Lunar zircons crystallized from the trace-element-enriched residum at the end of the lunar magma ocean, and in gabbroic intrusions in the lunar crust up until the end of the late bombardment. Most zircons are broken free from their parental mineral assemblage and are now found as rounded (detrital) fragments in trace-element-rich breccias and soils. They range of shape, size, internal structure, chemical composition, and age – many U-Pb compositions being concordant. However, they generally lack the oscillatory zoning, or multigenerational features, characteristic of terrestrial zircon.

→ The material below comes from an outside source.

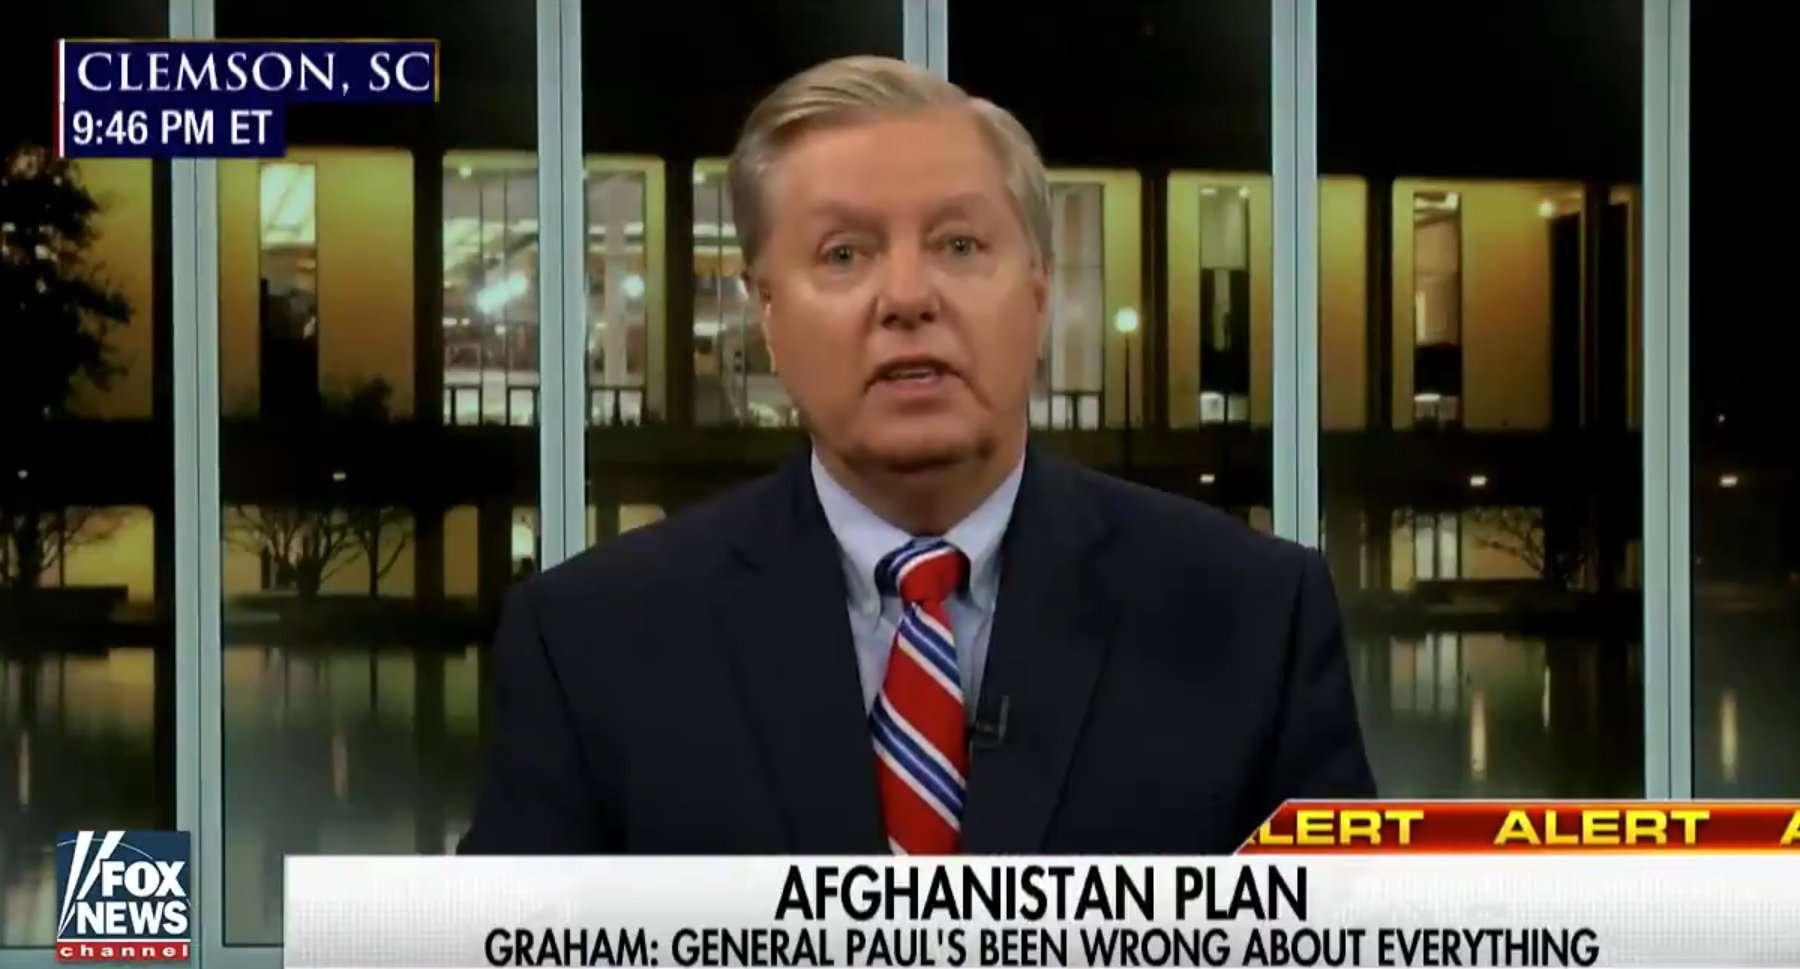 You do you, Lindsey. ||| Fox News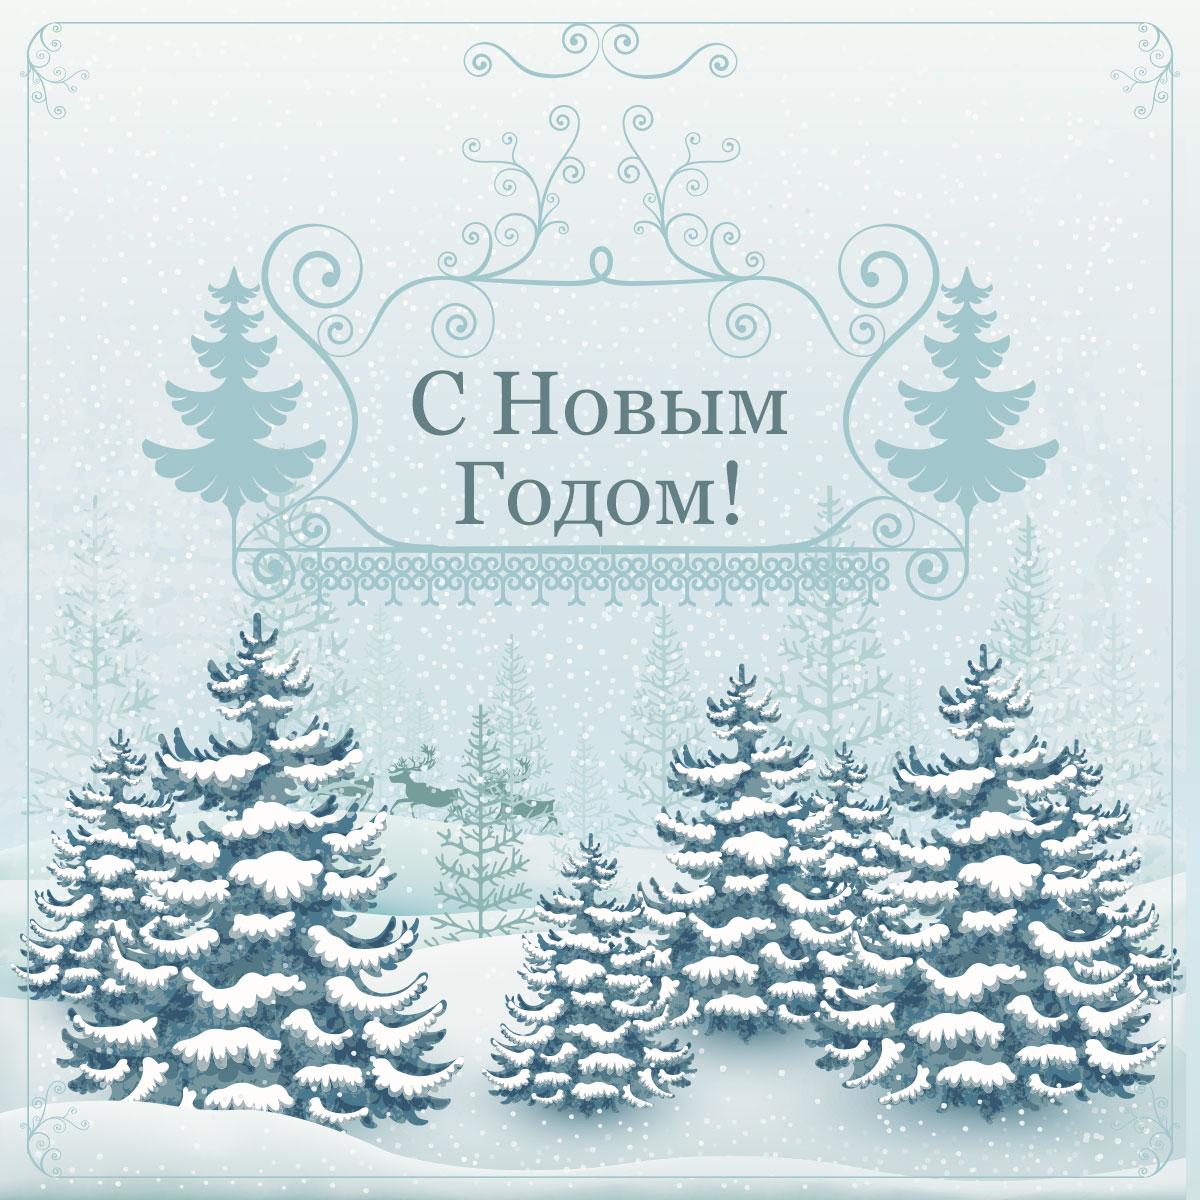 Монохромная картинка с ёлками в зимнем лесу в ретро стиле.

Lunar zircons did not record the lunar cataclysm, nor the impact event that produced the breccias they are found in. There is the possibility that they may record the age of earlier impact-generated magmatism, but it is more likely that the magmatism is of endogenous origin.

A small number of lunar zircons have attached plagioclase, pyroxene or ilmenite giving clues that their original parental rock assemblage was noritic or gabbroic and relatively mafic in nature. Some zircons are found within silica-K-feldspar intergrowths – sometimes referred to as “lunar granophyre”.

Zircons are found in relative abundance in the Apollo 14 Fra Mauro breccias (Imbrium ejecta) and in the aphanitic breccias from the South Massif at Apollo 17 (Serenitatis ejecta?). While zircons from the Apollo 14 breccias range in age from 4.4 – 3.9 Ga., the zircons from Apollo 17 group tightly around 4.35 Ga.

The oldest (and largest) lunar zircon we have studied has an original crystallization age of 4417 ± 6 Ma with evidence of shock event at 4333 ± 7 Ma. Another large fragmented zircon is dated at 4315 ± 15 Ma with secondary age of 4187 ± 11 Ma. We interpret the older ages as evidence that the lunar magma ocean had already differentiated and solidified by ~ 4.4 Ga.